Requirement:
Copy out all the lines of the data that hold the word "Lyst".
◆ ◆ ◆ ◆ ◆
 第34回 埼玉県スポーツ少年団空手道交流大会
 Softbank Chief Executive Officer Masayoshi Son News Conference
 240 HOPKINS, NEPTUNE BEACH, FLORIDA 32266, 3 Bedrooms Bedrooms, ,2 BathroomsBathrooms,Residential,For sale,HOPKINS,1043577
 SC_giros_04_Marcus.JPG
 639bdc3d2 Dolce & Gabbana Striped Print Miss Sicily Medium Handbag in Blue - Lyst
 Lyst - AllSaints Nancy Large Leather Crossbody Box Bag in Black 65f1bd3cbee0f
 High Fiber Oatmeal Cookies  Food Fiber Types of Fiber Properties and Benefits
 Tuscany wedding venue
◆ ◆ ◆ ◆ ◆
Answer for this exercise:
 639bdc3d2 Dolce & Gabbana Striped Print Miss Sicily Medium Handbag in Blue - Lyst
 Lyst - AllSaints Nancy Large Leather Crossbody Box Bag in Black 65f1bd3cbee0f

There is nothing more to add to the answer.